Information supplied:

■ ■ ■ ■ ■ ■ ■

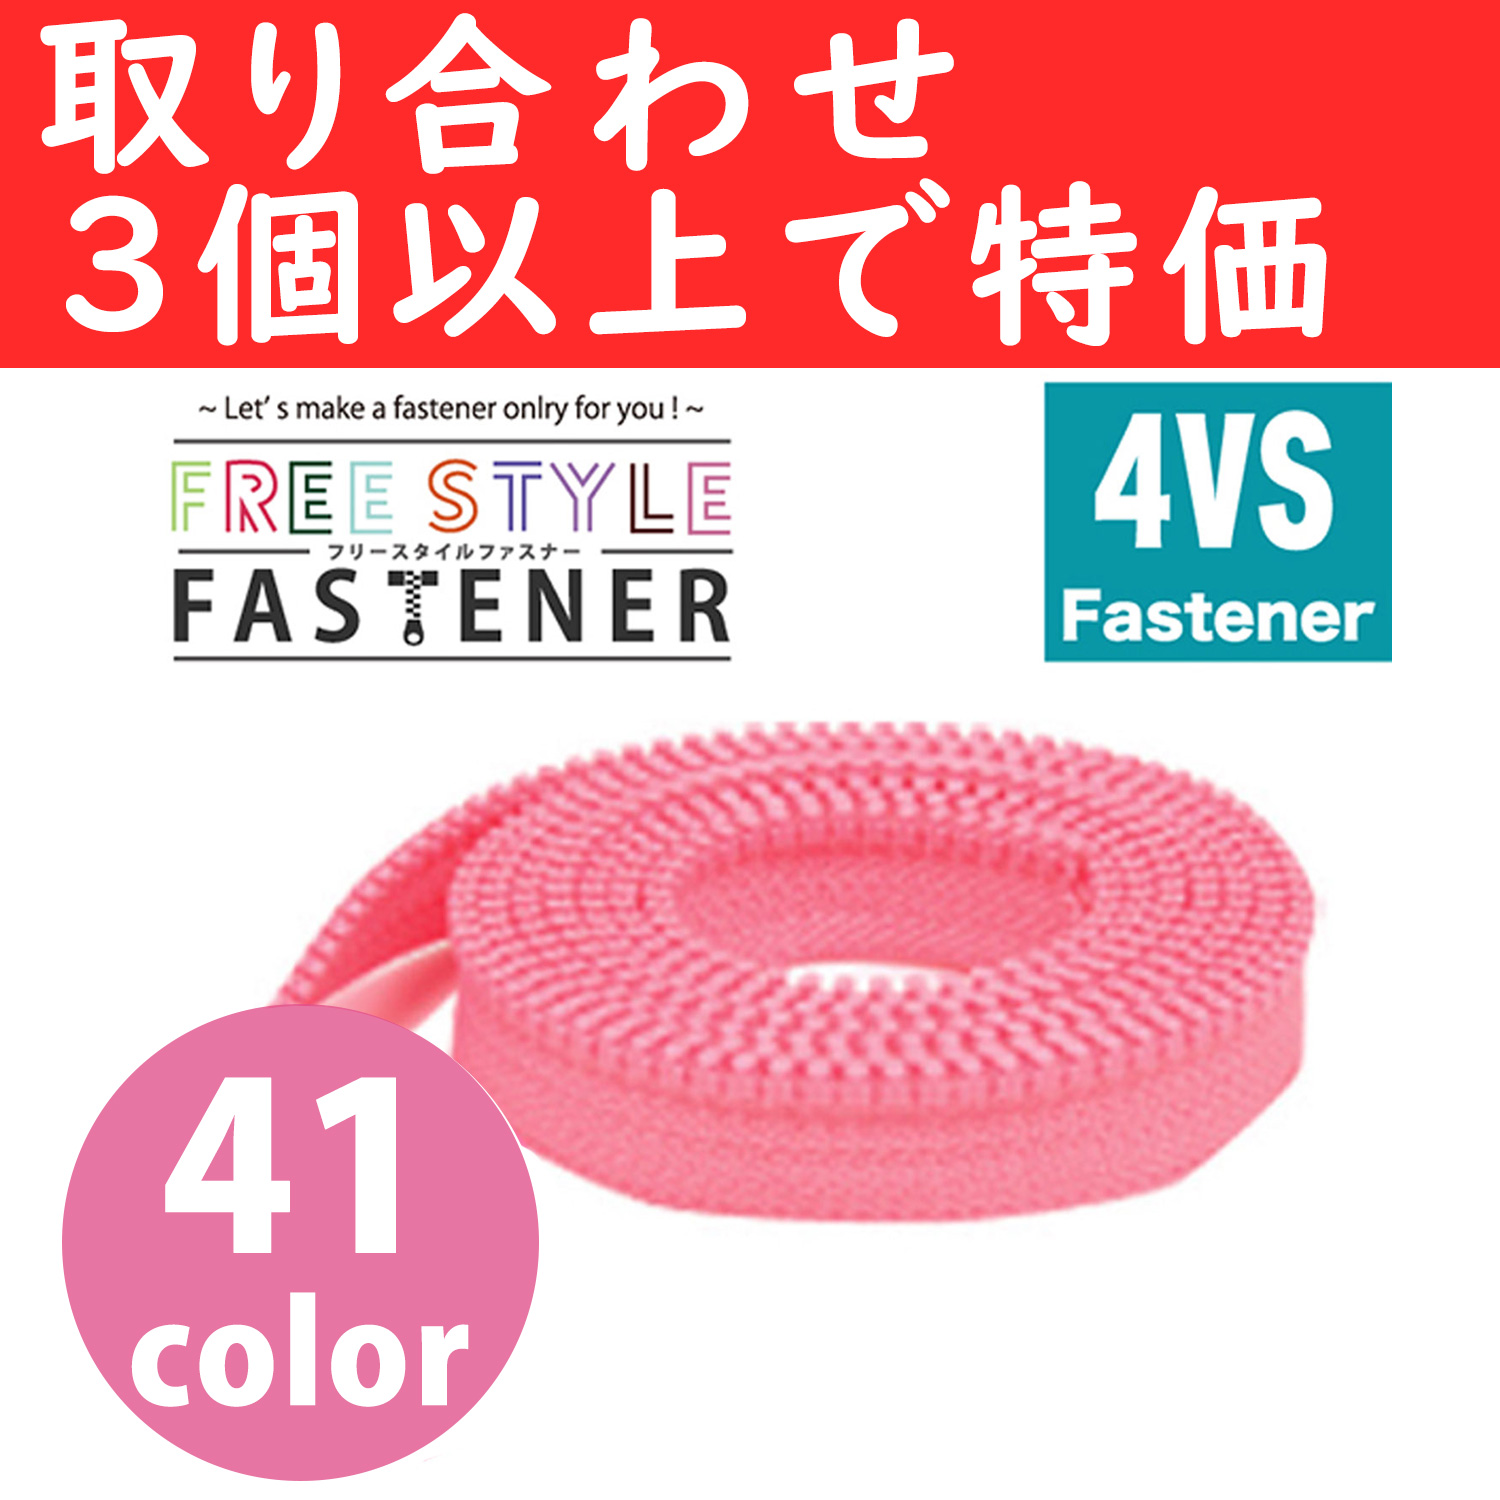 【●】FS4VS-OVER3 フリースタイルファスナー 1.2m巻 色取り合せ3袋以上で FSRSスライダープレゼント (袋)
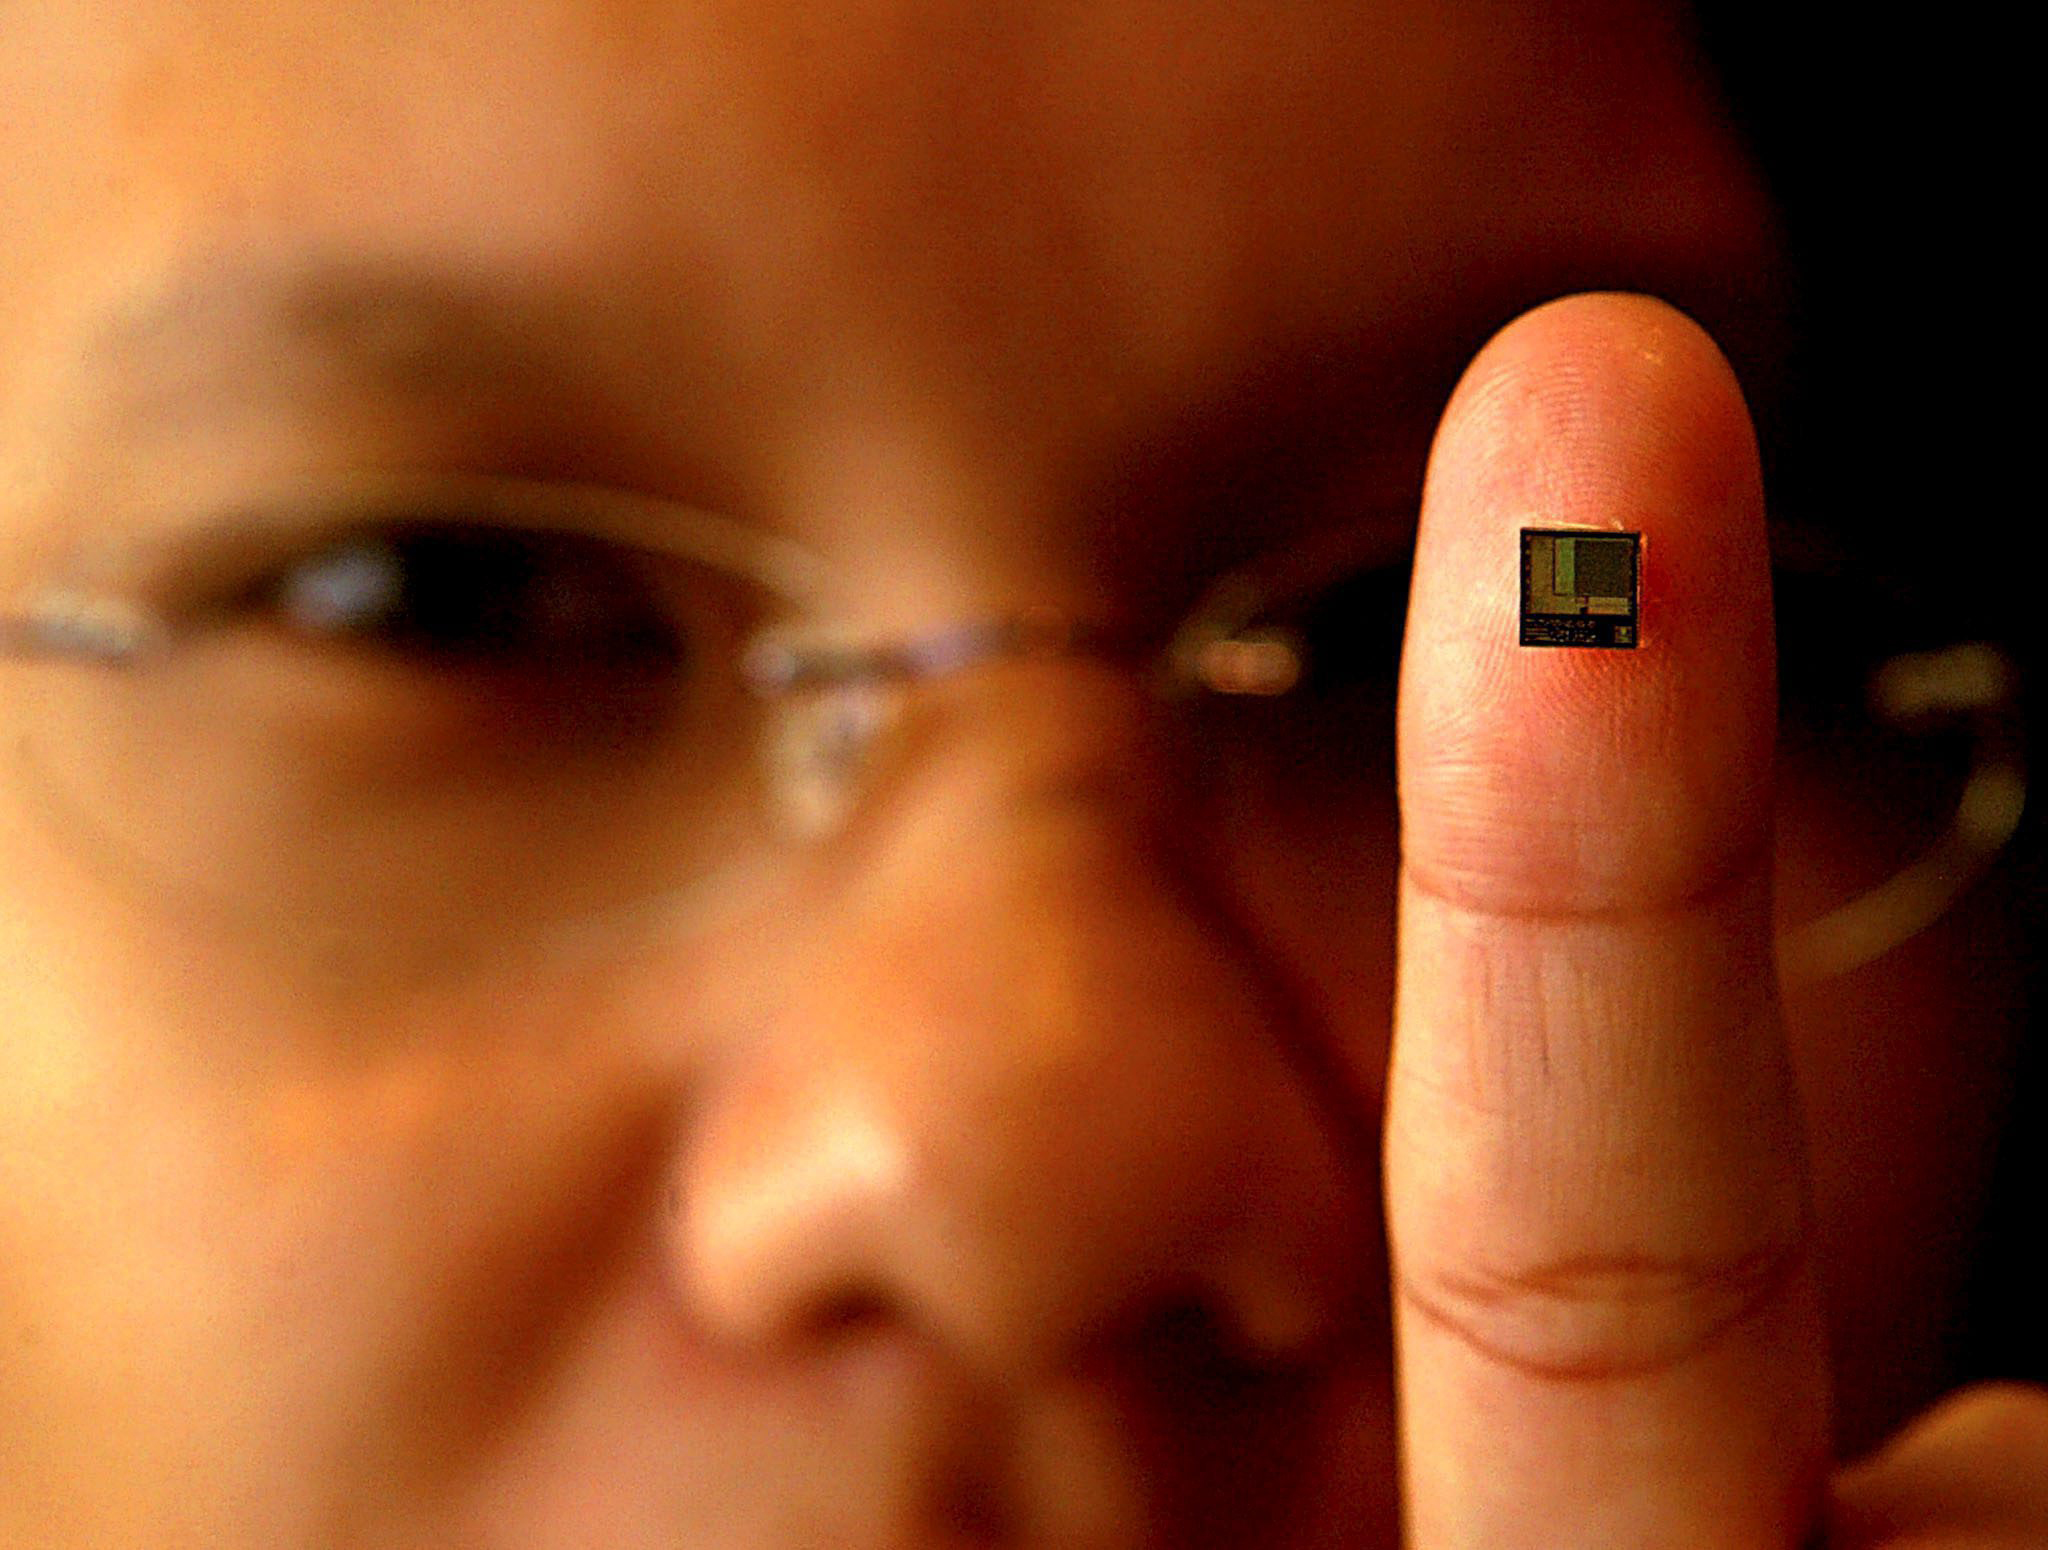 El chip cuenta con tecnología de identificación por radiofrecuencia (RFDI) y una memoria de 868 bytes.
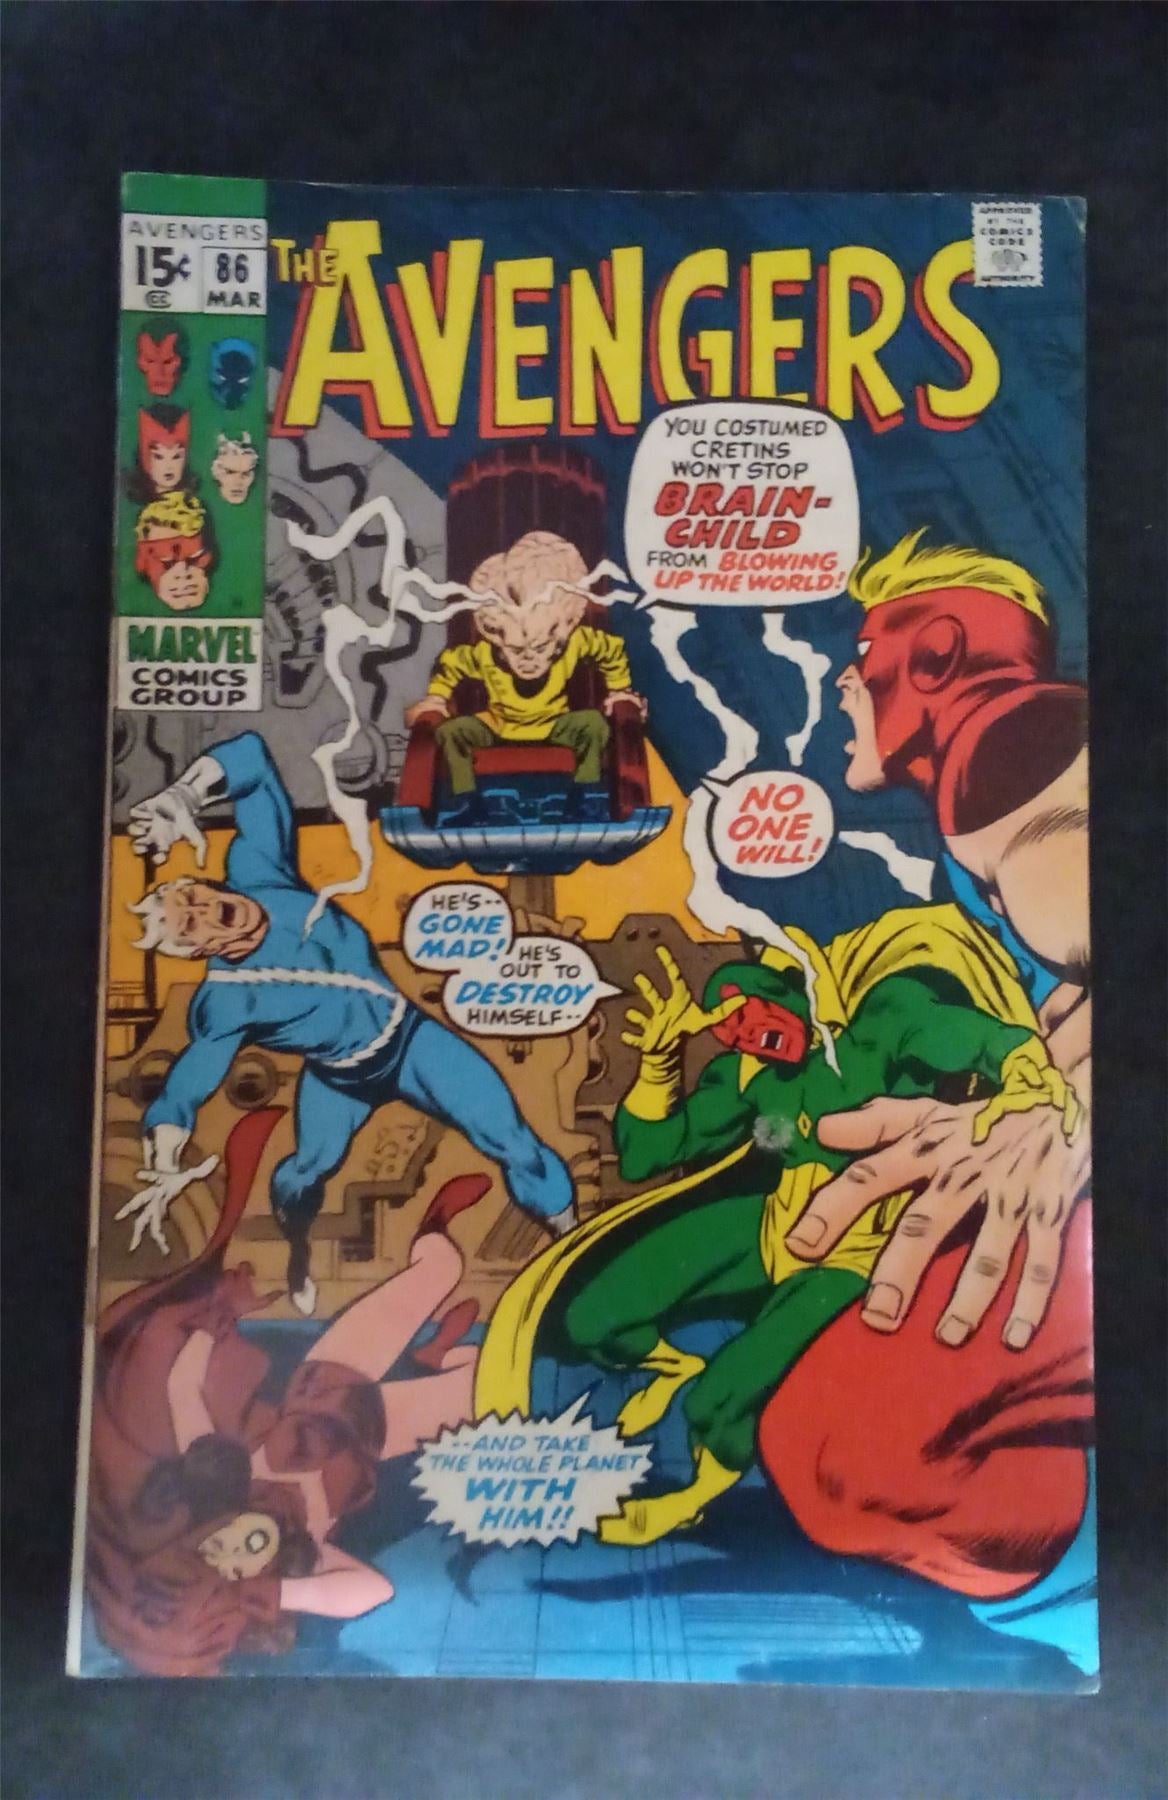 The Avengers #86 1971 marvel Comic Book

■ ■ ■ ■ ■ ■ ■

Leaving out the pictures, repeat the data above exactly.

Expected answer:
 【●】FS4VS-OVER3 フリースタイルファスナー 1.2m巻 色取り合せ3袋以上で FSRSスライダープレゼント (袋)
 El chip cuenta con tecnología de identificación por radiofrecuencia (RFDI) y una memoria de 868 bytes.
 The Avengers #86 1971 marvel Comic Book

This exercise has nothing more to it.